Many of the analytics delivered by the Platform are generated by IBM PAIRS Geoscope which is a cloud-based innovation of IBM Research that can quickly provide contextual information about a specific location using geospatial-temporal information. Using machine learning techniques and analytics on satellite imagery, weather data, census data, land use and business location data, it can help companies make predictions about the future of their farms.

Image: IBM is announcing the Watson Decision Platform for Agriculture, a suite of agribusiness tools and solutions to help growers leverage the power of AI to make better, more informed decisions. In this image, yield forecast projects crop output in specific field sections, to help growers estimate future harvest. National models by crop and region help enterprises make better financial services decisions. (Source: IBM)

The new IBM Watson Decision Platform for Agriculture introduction is complementary to the existing Blockchain-based IBM Food Trust capabilities which facilitate food traceability across each step of the food supply such as origin, processing data, and shipping details.

IBM is partnering with a host of organizations to deliver the decision support capabilities of the Platform.
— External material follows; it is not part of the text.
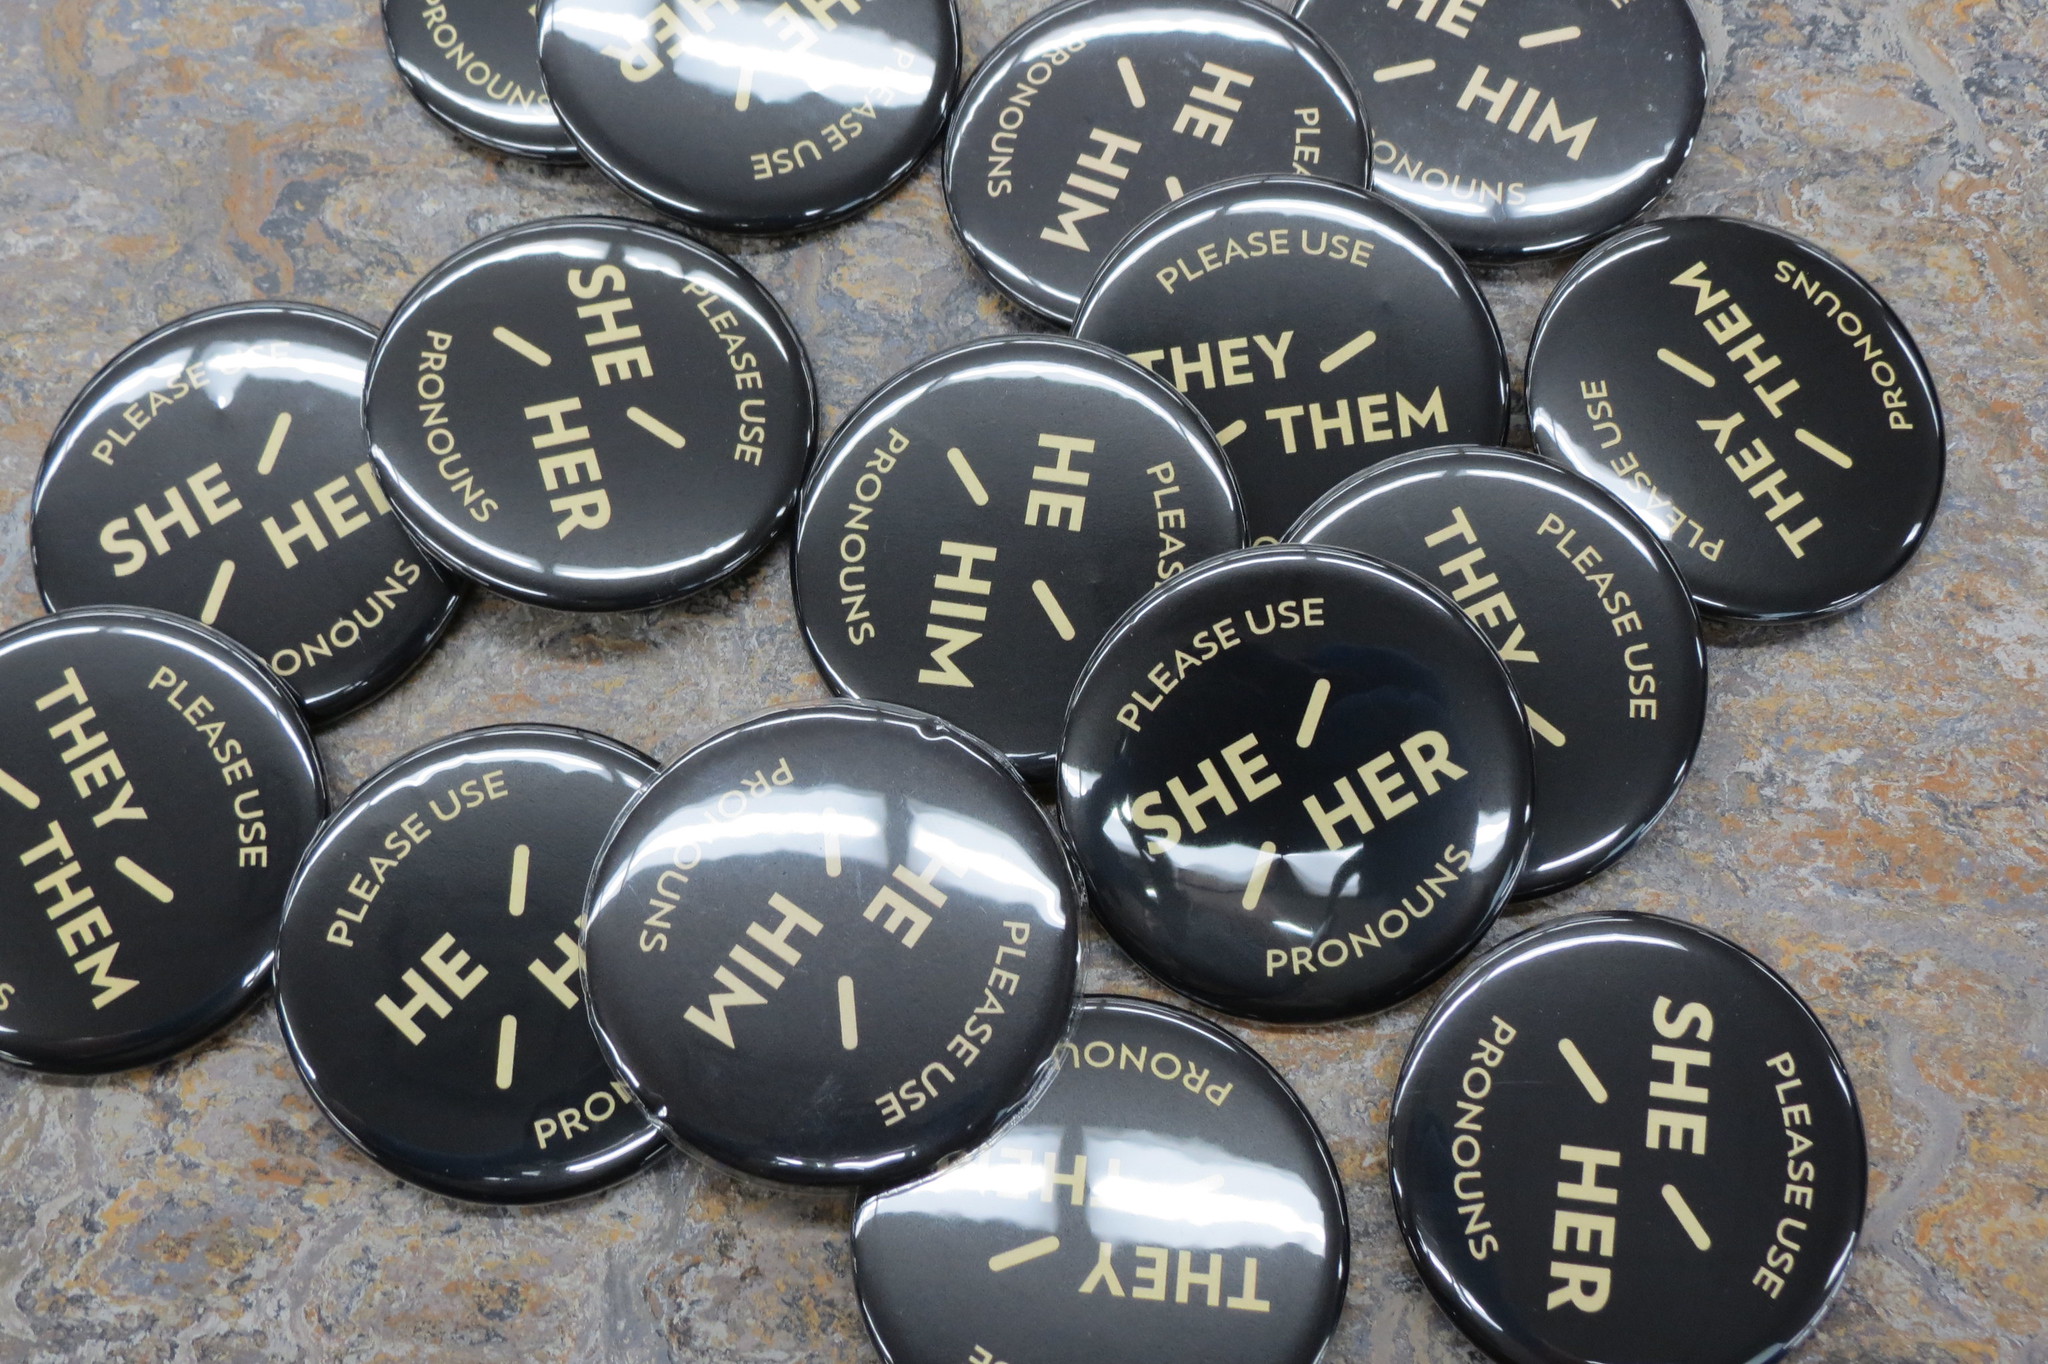 A pile of buttons with people's pronouns on them.

For example:

  • In India, IBM Research has partnered with NITI Aayog, a government think tank to explore how AI can be used to leveraging AI to issue early warning on pest and disease outbreaks.
  • Main Street Data provides its Validator capabilities to benchmark yield against output from comparable fields and its MarketVision capabilities to help growers time their crop sales to maximize profit
  • In Kenya, IBM scientists in Nairobi partnered with Twiga Foods to build and test a blockchain-enabled microfinance lending platform which helps small farmers and food vendors get access to lending capital.
  • GiSC is a data cooperative run by growers for growers that integrates with the Platform to help users analyze their data to get more value from it. 

In each case, around the world, AI is helping feed us while helping farmers and the entire food chain to become more efficient and deliver better quality and sustainability.